Processes JSON files from an input directory through configured transformers and writes results to an output directory. Supports validation against `CDEvents` specification and provides interactive review, overwrite, or check modes for managing output files.

Usage: cdviz-collector transform [OPTIONS] --input <INPUT> --output <OUTPUT>

Options:
      --config <CONFIG>
          Configuration file defining transformers and their settings.

          TOML configuration file that defines available transformers. The file should contain transformer definitions that can be referenced by name using the --transformer-refs option.

          [env: CDVIZ_COLLECTOR_CONFIG=]

  -v, --verbose...
          Increase logging verbosity

  -q, --quiet...
          Decrease logging verbosity

  -t, --transformer-refs <TRANSFORMER_REFS>...
          Names of transformers to chain together.

          Comma-separated list or multiple arguments specifying which transformers to apply in sequence. Transformers are applied in the order specified.

          Example: `--transformer-refs github_events,add_metadata` Example: `-t github_events -t add_metadata`

          [default: passthrough]

      --disable-otel
          Disable OpenTelemetry initialization and use minimal tracing setup.

          This is useful for testing environments or when you want to avoid OpenTelemetry overhead. When disabled, only basic console logging will be available without distributed tracing capabilities.

  -i, --input <INPUT>
          Input directory containing files to transform.

          Directory path containing the files to be processed. The tool will recursively search for files matching the selected `--input-parser` format (json, jsonl, csv, xml, yaml, tap), excluding *.headers.json, *.metadata.json, and *.json.new files.

  -C, --directory <DIRECTORY>
          Change working directory before executing the command.

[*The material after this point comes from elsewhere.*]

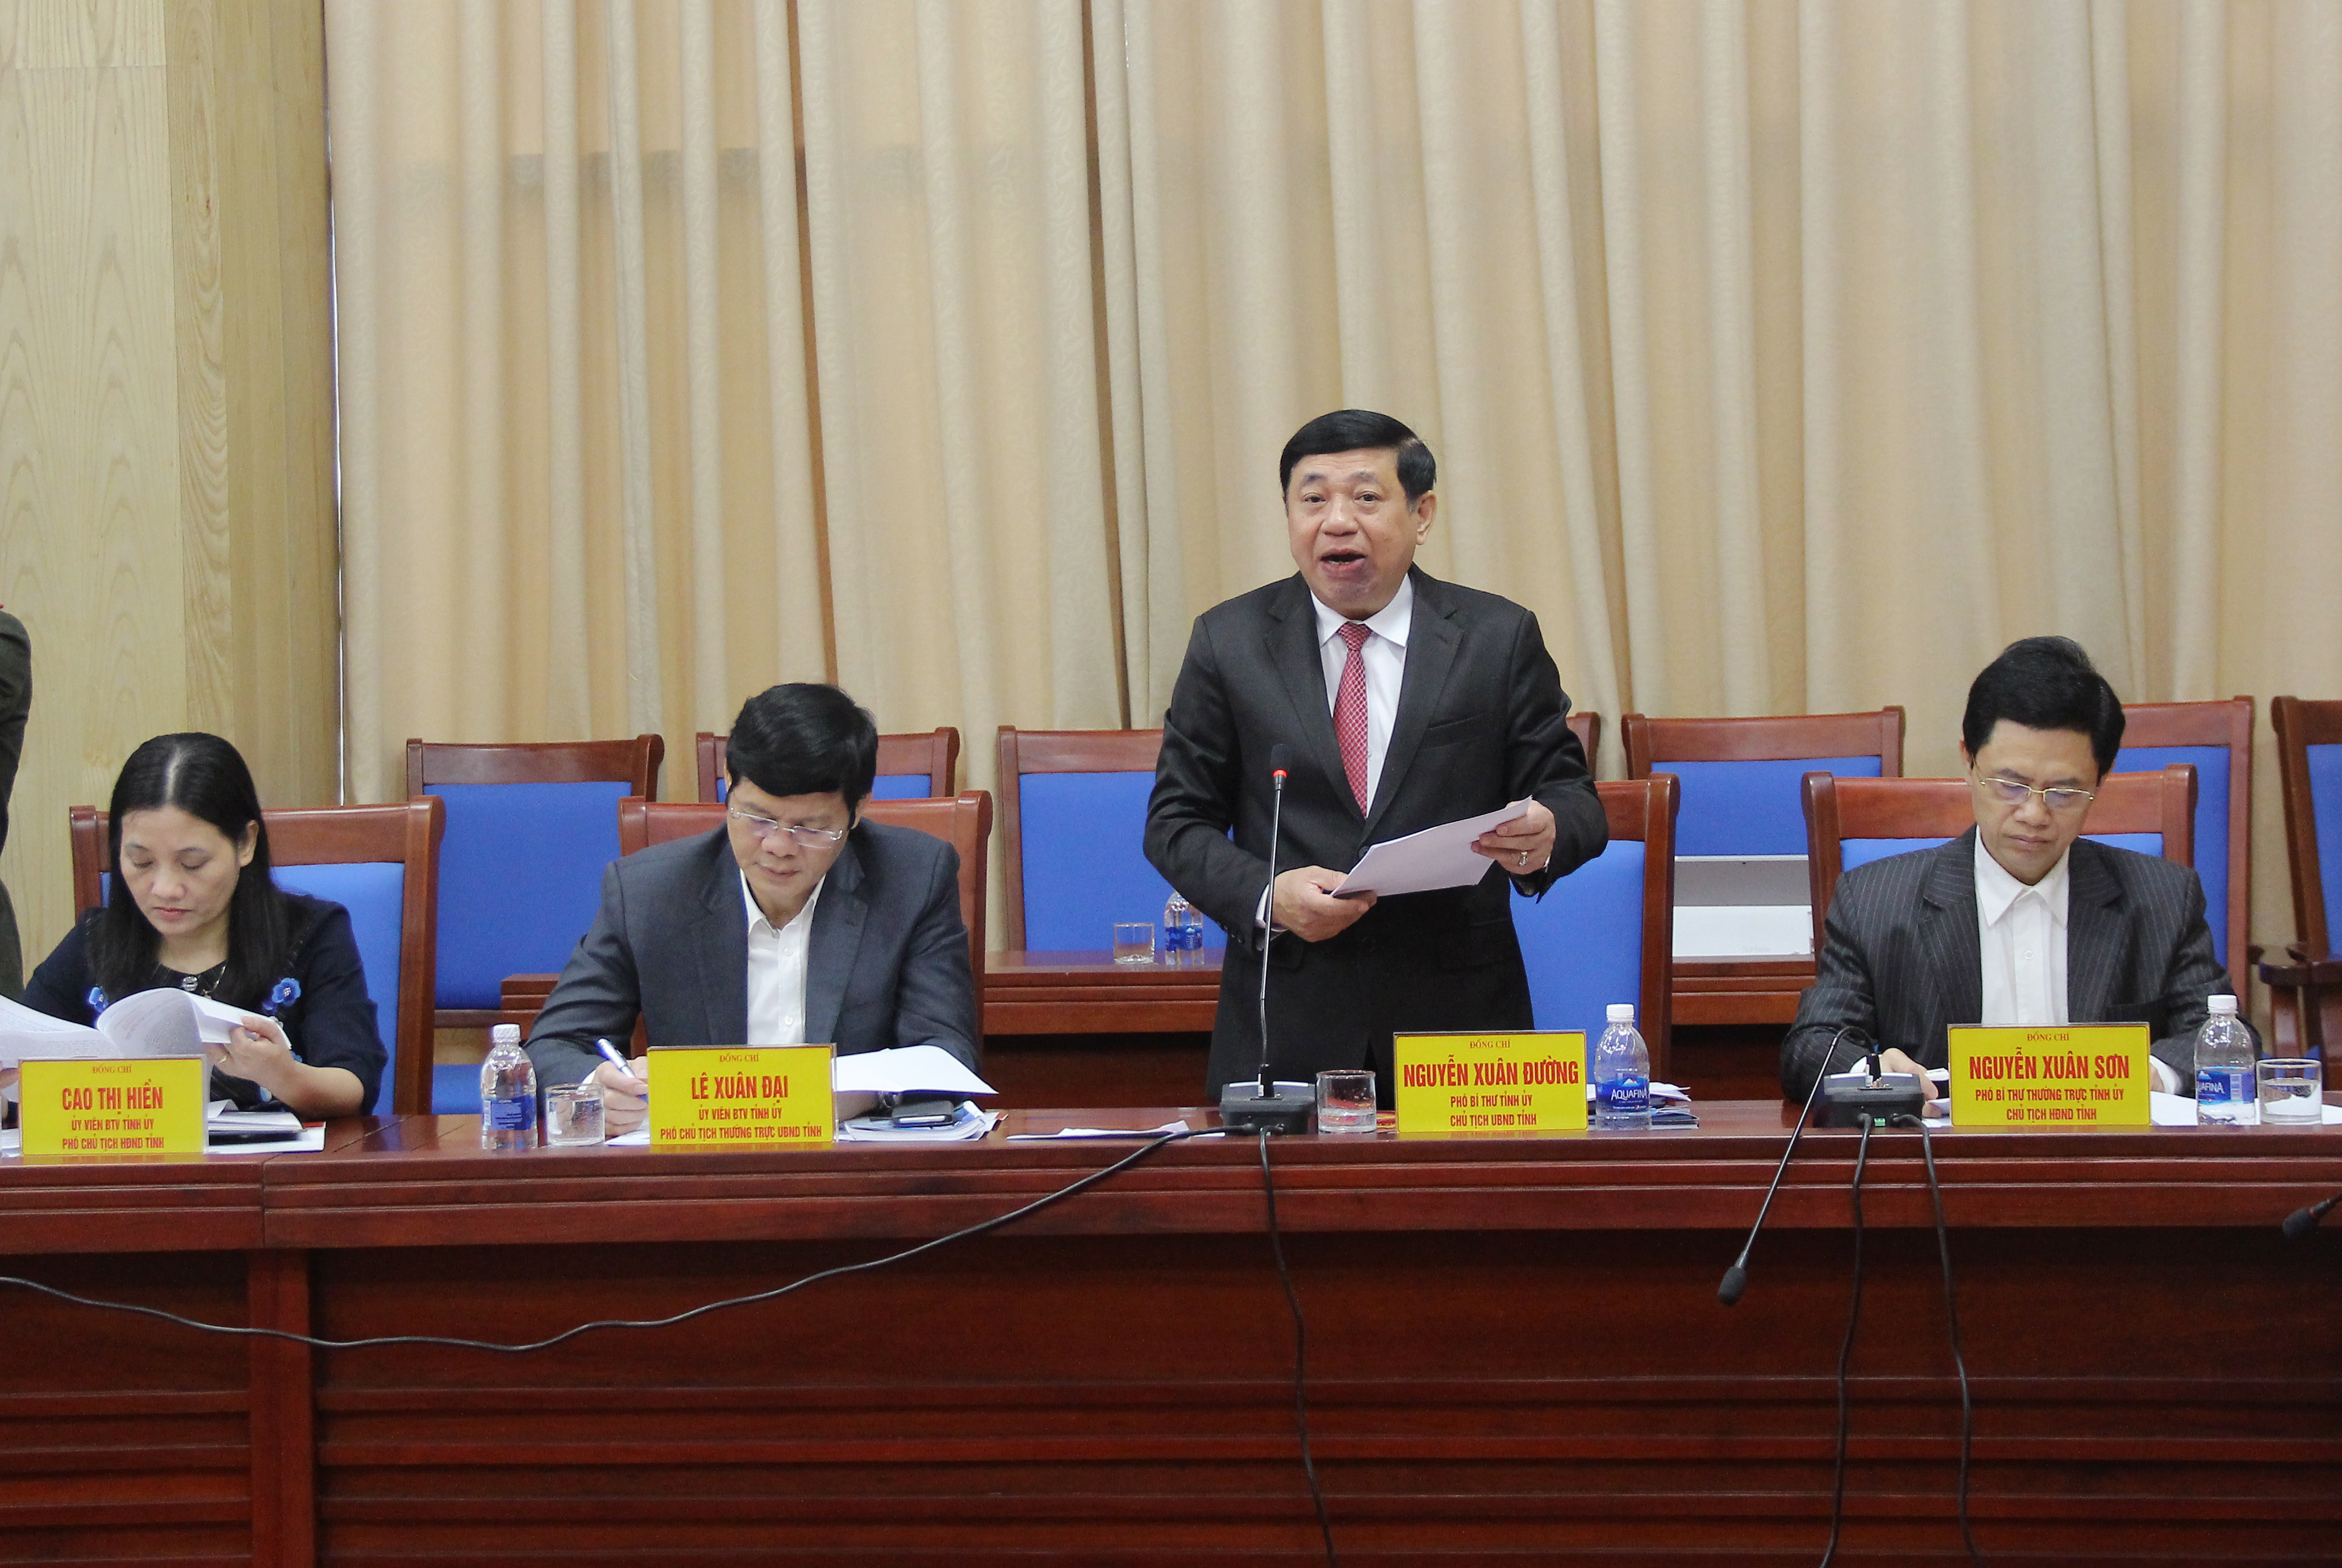 Đồng chí Nguyễn Xuân Đường - Phó Bí thư Tỉnh ủy, Chủ tịch UBND tỉnh

          This affects relative paths in configuration files and data files. Useful when running the collector from a different location than where your configuration and data files are located.

  -o, --output <OUTPUT>
          Output directory for transformed files (always written as JSON).

          Directory where transformed files will be written. The directory structure from the input will be preserved. Regardless of input format, output files are always written as JSON. Files will initially be created with .json.new extension before being processed according to the selected mode.

  -m, --mode <MODE>
          How to handle conflicts between new and existing output files.

          Controls the behavior when output files already exist: - review: Interactive review of differences (default) - overwrite: Replace existing files without prompting - check: Fail if differences are found

          Possible values:
          - review:    Interactive review of differences between new and existing output files
          - overwrite: Overwrite existing output files without prompting
          - check:     Check for differences and fail if any are found

          [default: review]

      --no-check-cdevent
          Skip validation that output body is a valid `CDEvent`.

          By default, the tool validates that transformation results produce valid `CDEvent` objects. Use this flag to disable validation if you're working with non-CDEvent JSON data.

      --export-headers
          Export headers to separate .headers.json files.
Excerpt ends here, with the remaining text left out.